━━ MATERIAL FOR THIS TASK ━━
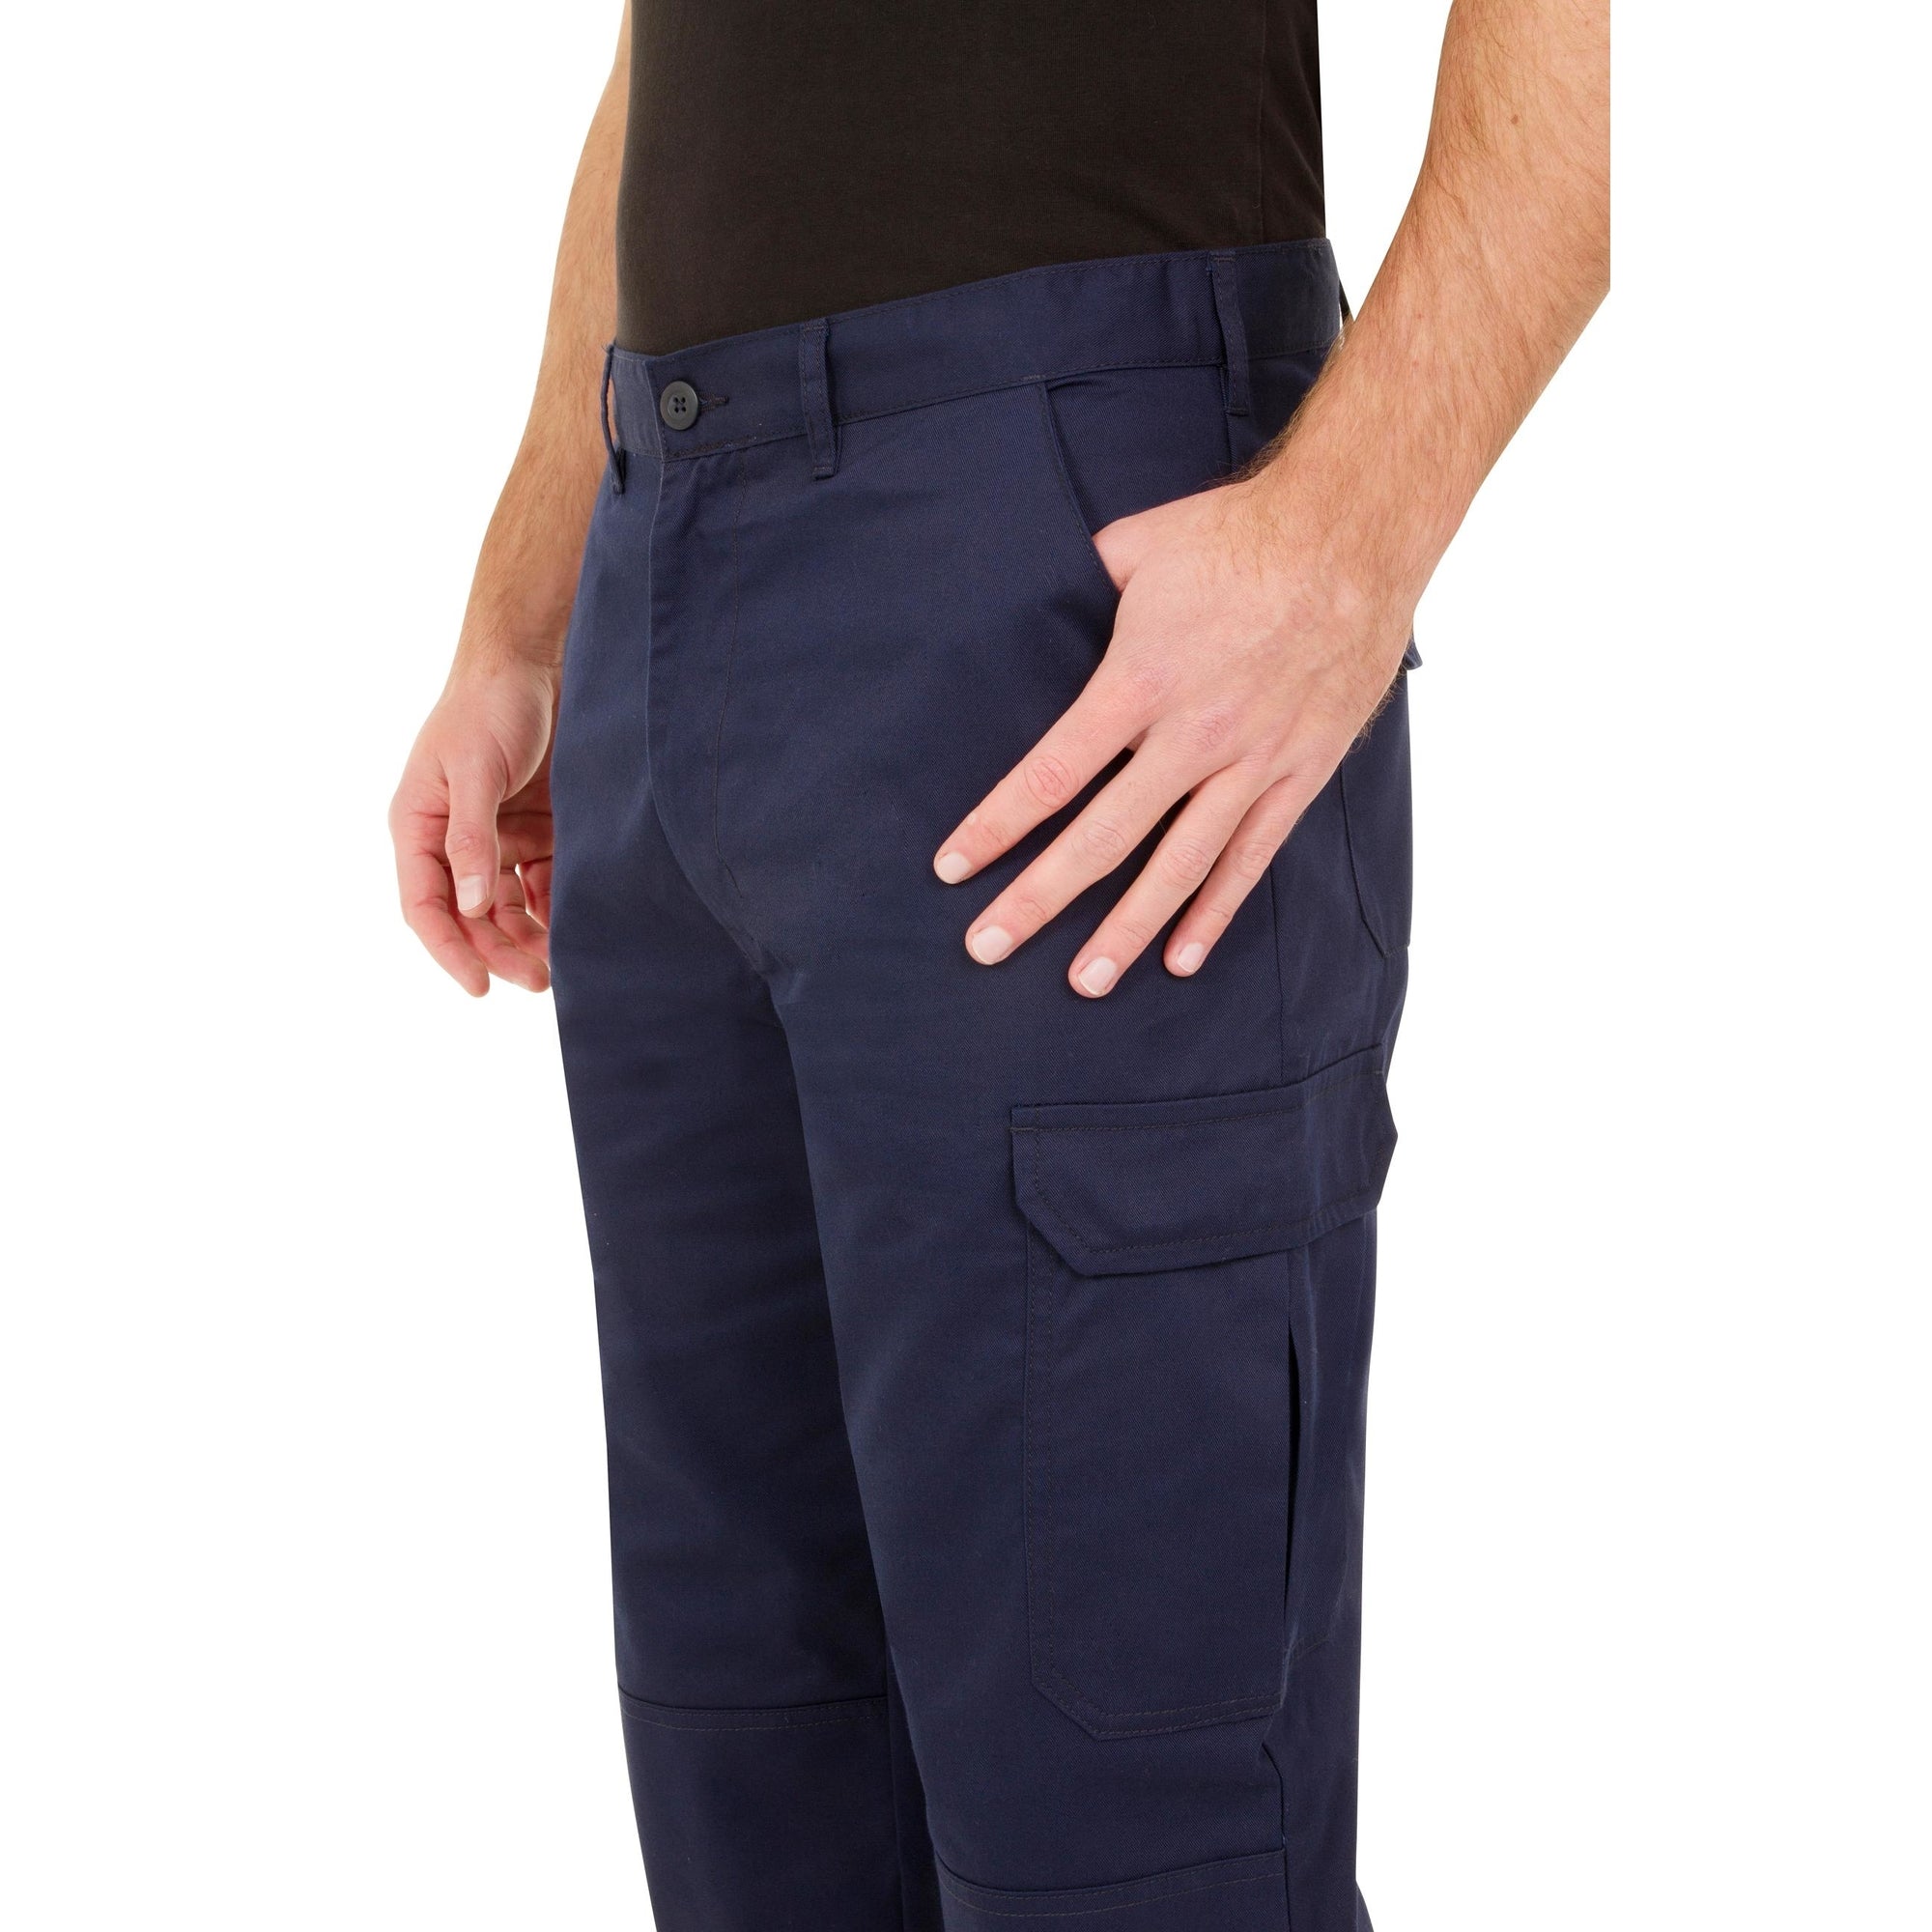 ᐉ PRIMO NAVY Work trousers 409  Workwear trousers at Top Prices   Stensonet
━━━
━━ MATERIAL FOR THIS TASK ━━
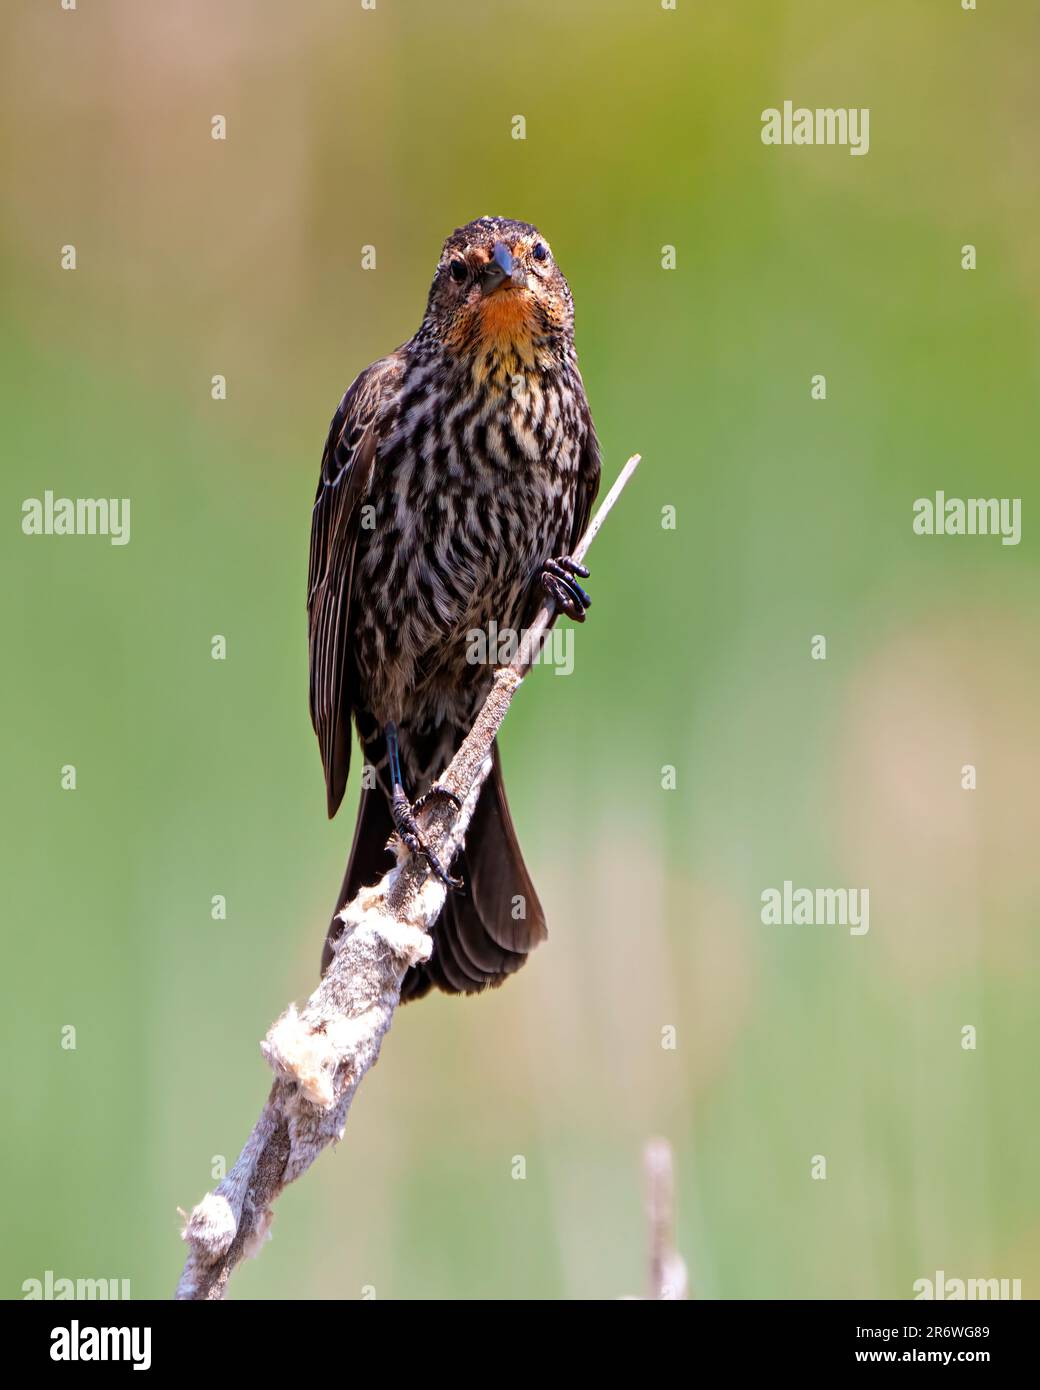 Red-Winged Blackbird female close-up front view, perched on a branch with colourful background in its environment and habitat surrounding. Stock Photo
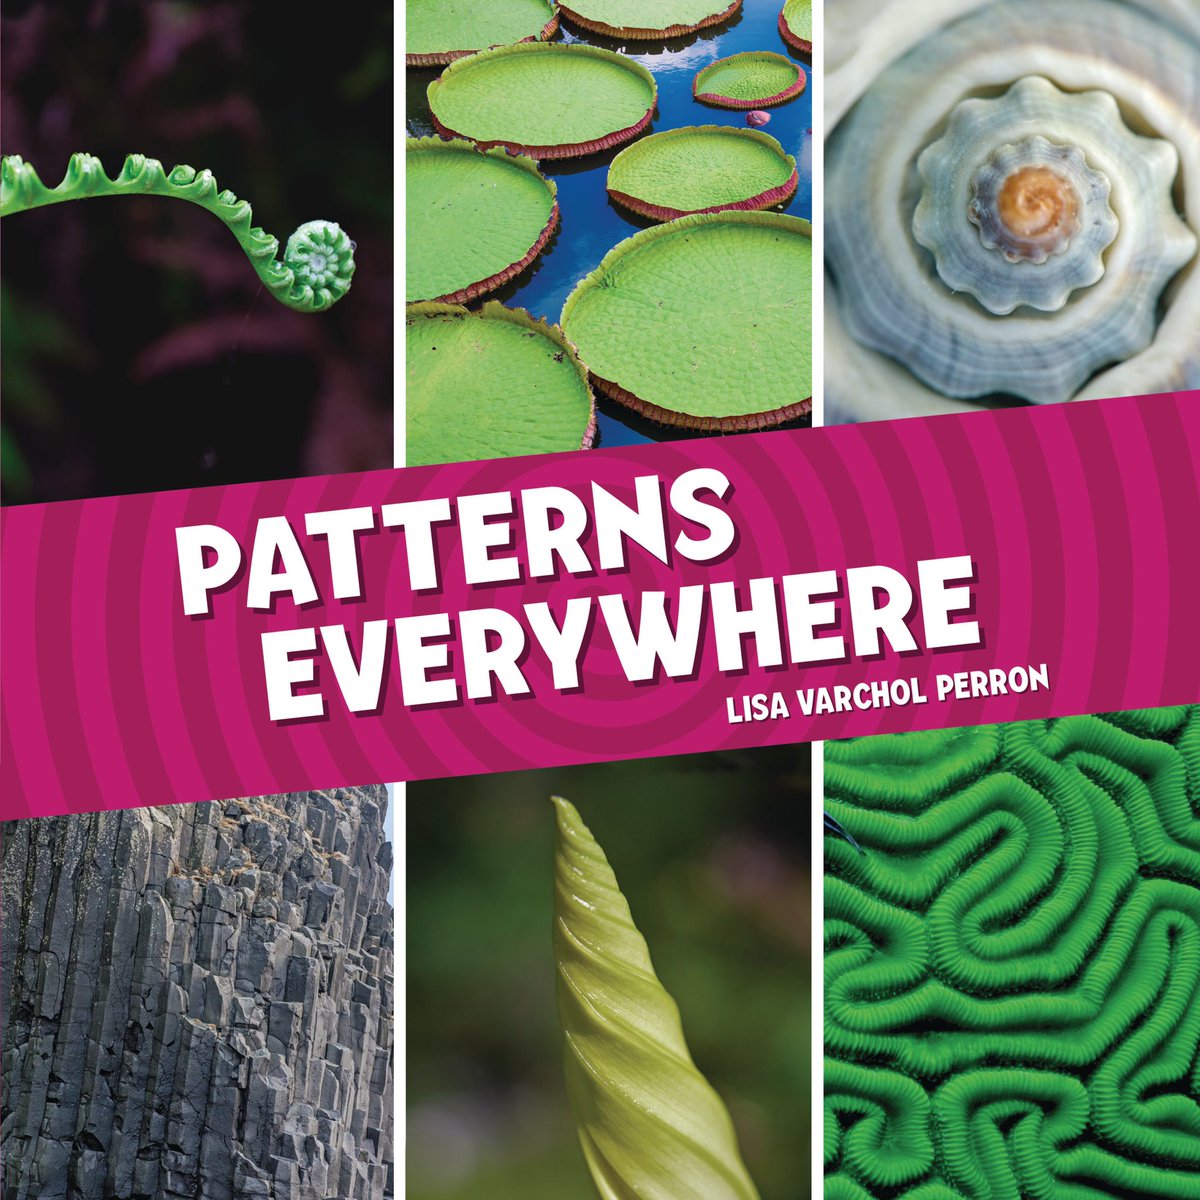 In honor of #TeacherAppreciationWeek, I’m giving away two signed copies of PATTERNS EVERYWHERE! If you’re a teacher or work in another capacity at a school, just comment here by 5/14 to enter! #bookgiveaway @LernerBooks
━━━
━━ MATERIAL FOR THIS TASK ━━
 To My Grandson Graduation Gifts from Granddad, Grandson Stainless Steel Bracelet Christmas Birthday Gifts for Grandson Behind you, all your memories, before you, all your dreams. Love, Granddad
━━━
**WHAT YOU NEED TO DO**:
When you reach the line containing "Red-Winged Blackbird female" in the entries above, begin restating word for word, and stop once the line containing "In honor of" has been given. Omit the pictures.

**ANSWER FOR THIS EXERCISE**:
 Red-Winged Blackbird female close-up front view, perched on a branch with colourful background in its environment and habitat surrounding. Stock Photo
 In honor of #TeacherAppreciationWeek, I’m giving away two signed copies of PATTERNS EVERYWHERE! If you’re a teacher or work in another capacity at a school, just comment here by 5/14 to enter! #bookgiveaway @LernerBooks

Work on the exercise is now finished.